Visti da New York

Il mondo di Nino Del Duca

di Stefano Vaccara

 Mercoledì 16 giugno è morto Nino Del Duca.  Il grande artista-poeta-attore-filosofo  che da sempre pubblicava ogni domenica il suo “fondo in versi” nelle pagine del nostro giornale, aveva 86 anni. A Nino facemmo una lunga intervista il 29 dicembre del 2002, in occasione dei suoi trent’anni in America. Rileggendola, c’è tutta la sua filosofia napoletana di vita. Sembra scritta ieri, anche quando Nino affronta i problemi d’attualità con la sua schietta saggezza di grande artista napoletano in America. Ve la riproponiamo.

Non serve presentare ai nostri lettori Nino Del Duca, il poeta dialettale napoletano che dal 1992 pubblica, ogni domenica su "America Oggi", la poesia-commento sui fatti della vita. Il Del Duca poeta lo conoscete già. Ma forse non tutti sanno che Nino arrivò a New York in età adulta, esattamente trent'anni anni fa (oggi sarebbero 38, ndr), a 49 anni, lasciando a Napoli un lavoro sicuro e una città che amava e di cui è ancora profondamente innamorato. Infatti non furono le tipiche ristrettezze economiche a spingerlo in America, ma un amore ancora più forte e viscerale, quello per le figlie Ornella e Silvana che si erano da poco trasferite negli Usa per motivi di studio. Così quando Nino capì che anche Anna, sua moglie, non ce l'avrebbe fatta a resistere al distacco dalle sue bambine, magari cresciute ma pur sempre le creature sue, decise di cambiare vita. Anzi, non esattamente. Nino decise di cambiare continente, Stato, città, abitazione e lavoro, ma la vita no. Nino quella anche volendo non l'avrebbe mai potuta cambiare. Perché ad un napoletano che è pure poeta, scoprire la filosofia della vita viene più facile, e quando questa è capita ed assorbita, ormai resta con te, ovunque. E Nino Del Duca la filosofia della sua vita l'aveva scoperta presto, sopratutto frequentando da giovane quell circolo culturale napoletano che ruotava attorno al grandissimo filosofo delle arti che è stato e resta, Eduardo.

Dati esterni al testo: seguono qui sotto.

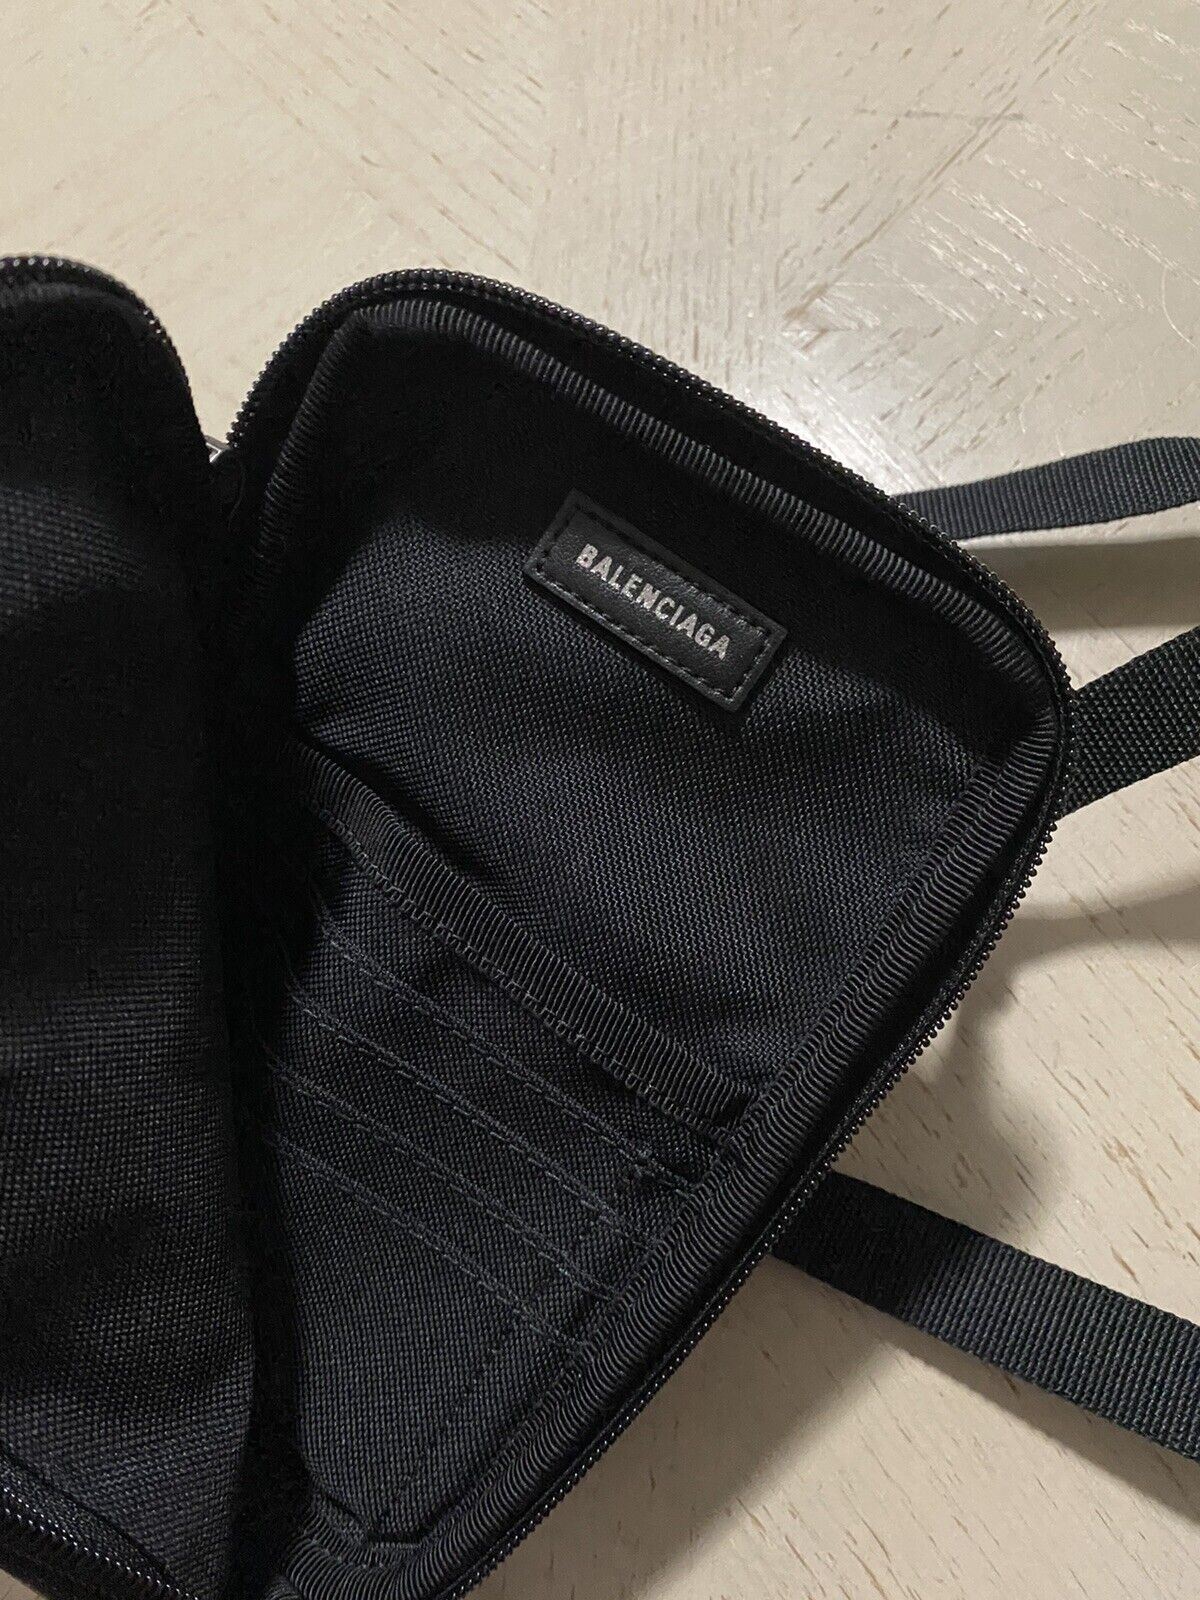 New Balenciaga Small Nylon Crossbody Bag Khaki Italy

Quando entriamo nella graziosa villetta che i Del Duca hanno appena acuistato a Ridgewood, New Jersey (si sono appena traferiti da Lydnhurst "per stare più più vicino alla figlia con i bambini piccoli...") oltre alle statuette originali del Settecento di un presepe napoletano, c'è una stanza a cui Nino tiene molto e vuole farti vedere subito: quella con la sua immense libreria. È colma di libri, ma soprattutto ti fa vedere quei volume di Eduardo De Filippo autografati con dedica. "Ecco Stefano, guarda qua, questo libro me lo ha regalato proprio alla vigilia della mia partenza da Napoli per l'America. Ecco cosa scrisse: ‘Ad Antonio Del Duca, queste pagine gli ricorderanno la gente lontana del suo paese. Tanti auguri Eduardo, 4 gennaio 1972'. A me Eduardo da tanta energia, lo leggo, lo rileggo e sto bene".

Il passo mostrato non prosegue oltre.